What many don't understand, Powell said, is that many seniors depend on both Medicare and Medicaid to survive. While Medicare does not pay for long-term stays in nursing home facilities, Medicaid does.
It also helps pay for PACE -- the Program of All-Inclusive Care for the Elderly -- which provides preventive and primary care for people 55 and older, to keep them out of long-term care and in the community.
"People see the word 'Medicaid' and they think 'poor people,'" Powell said. "They don't understand that Medicaid is the payer for a majority of long-term care for everybody. For working, middle-class Americans, Medicaid is what keeps folks like them afloat."
In 2016, 2,110 residents in Western Maryland depended on Medicaid for nursing home stays, according to the Maryland Department of Health and Mental Hygiene.
By 2030, an estimated 6,248 Frederick County residents will be living in assisted living or nursing home communities, according to the county's Department of Aging.
The cuts to Medicaid would coincide with a surge in the number of seniors around the county and the country, said Anne Montgomery, the deputy director of the Center for Elder Care and Advanced Illness at the Altarum Institute, a nonprofit organization that researches health systems.
By 2030, Montgomery said, the number of people 65 and older in the U.S. will double.
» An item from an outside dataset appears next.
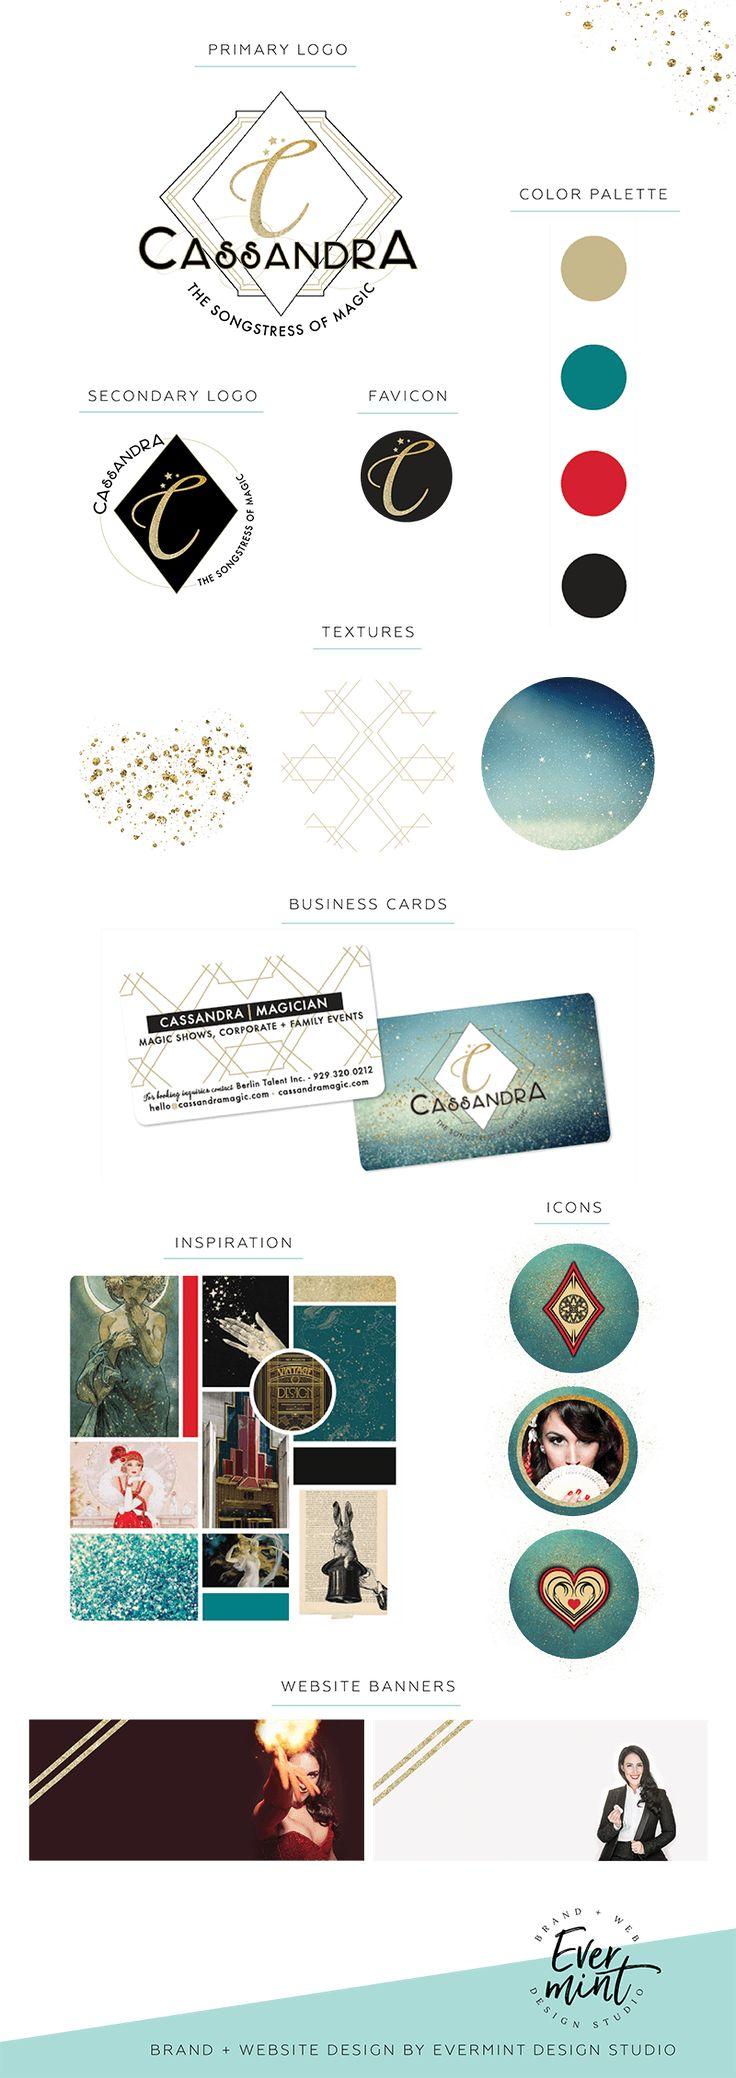 54 Best Evermint Design Studio Images On Pinterest Creative
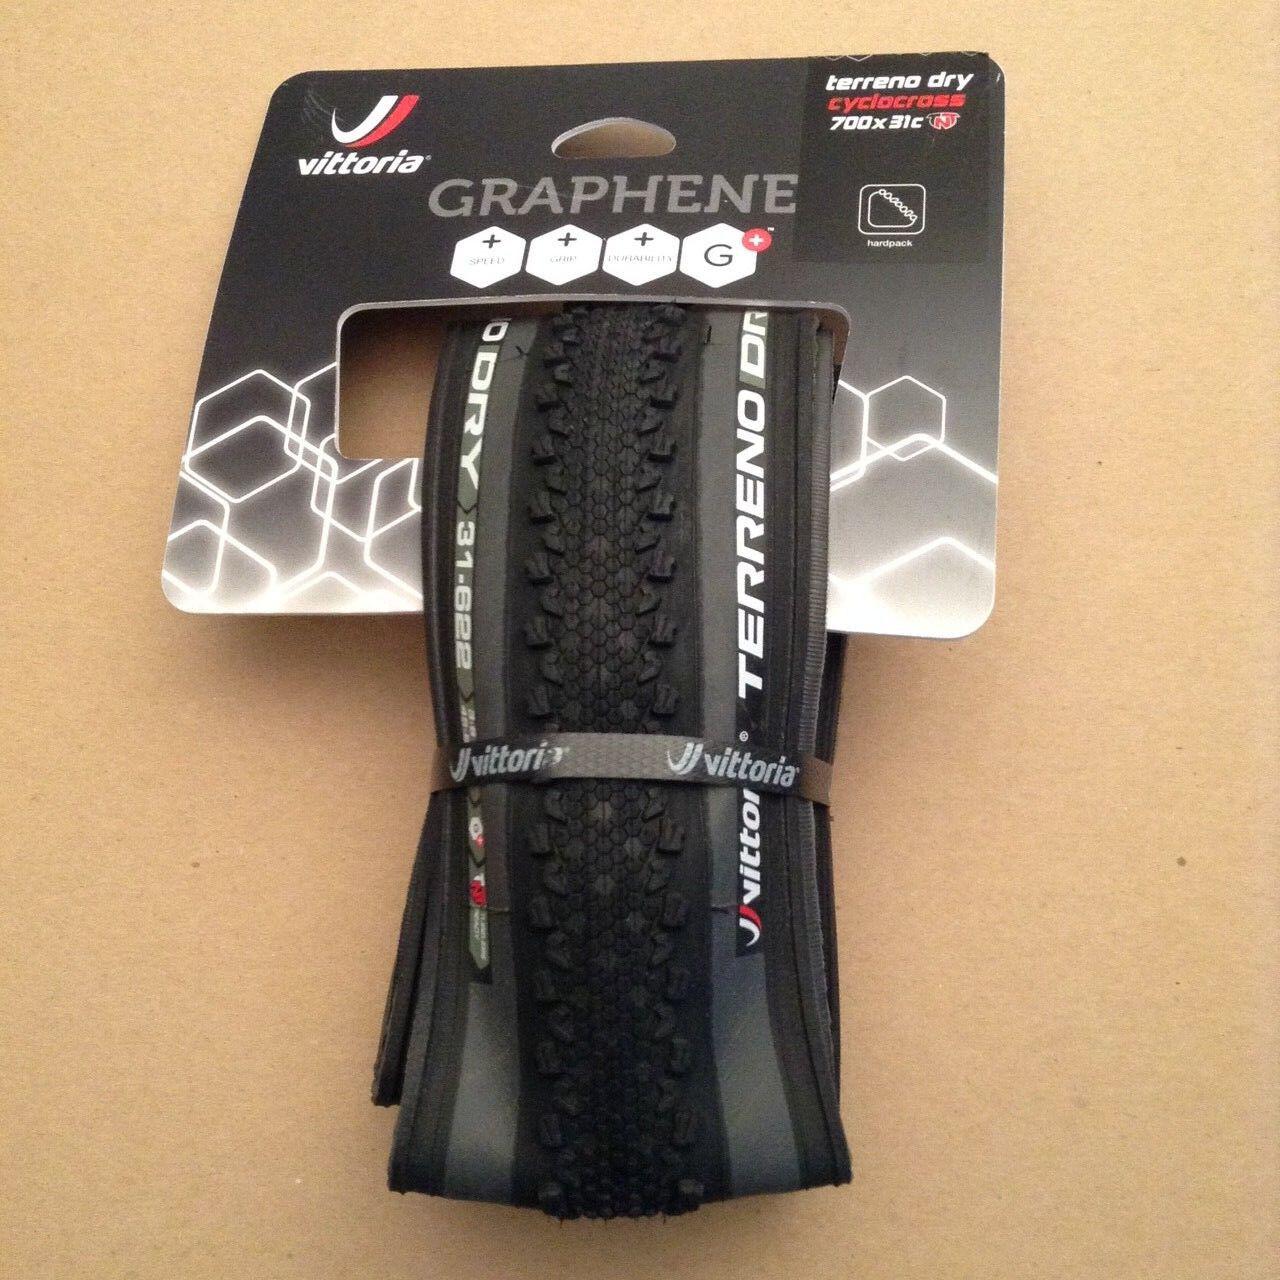 Vittoria Terreno Dry G Cyclocross Größel Reiten 31c 700c TNT Tubeless Tire

That includes Frederick County, where the number of adults 60 and older is growing three times as fast as the general population.
With that increase will come more seniors depending on both Medicare and Medicaid for health care coverage. Powell and Montgomery worry that cuts to Medicaid will decrease the number of services available to seniors.
"Medicaid provides services to a lot of people," Powell said. "So, if funding comes to the state in the form of a block grant, are we pitting seniors against children? At some point, something's gotta give."
Dr. Joseph Berman, a Frederick resident and former emergency medicine doctor, has witnessed the effect that uninsured patients have on local hospitals.
Before Obamacare and before Medicaid expansion, Berman said, he treated many older residents who relied on the emergency room for primary care because they couldn't afford health insurance. But providing treatment to non-paying patients presented a problem for hospitals.
"We're going to see patients who can currently go to the doctor or hospital, but will start to come to the ER as charity patients," Berman said. "And those are costs that the hospital will not be able to recoup."
Relying on hospitals for primary care isn't the best approach for patients.
"As a former ER doctor, I can tell you that's a terrible way to get care," Berman said. "It's not focused on healing. You're coming in only when the worst happens, and you're never seeing the same doctors."
"Cutting costs by cutting service to the poor and elderly is tragic," he added. "I guess some politicians will say that if those people didn't save money, it's their fault. Well, I find that absolutely reprehensible."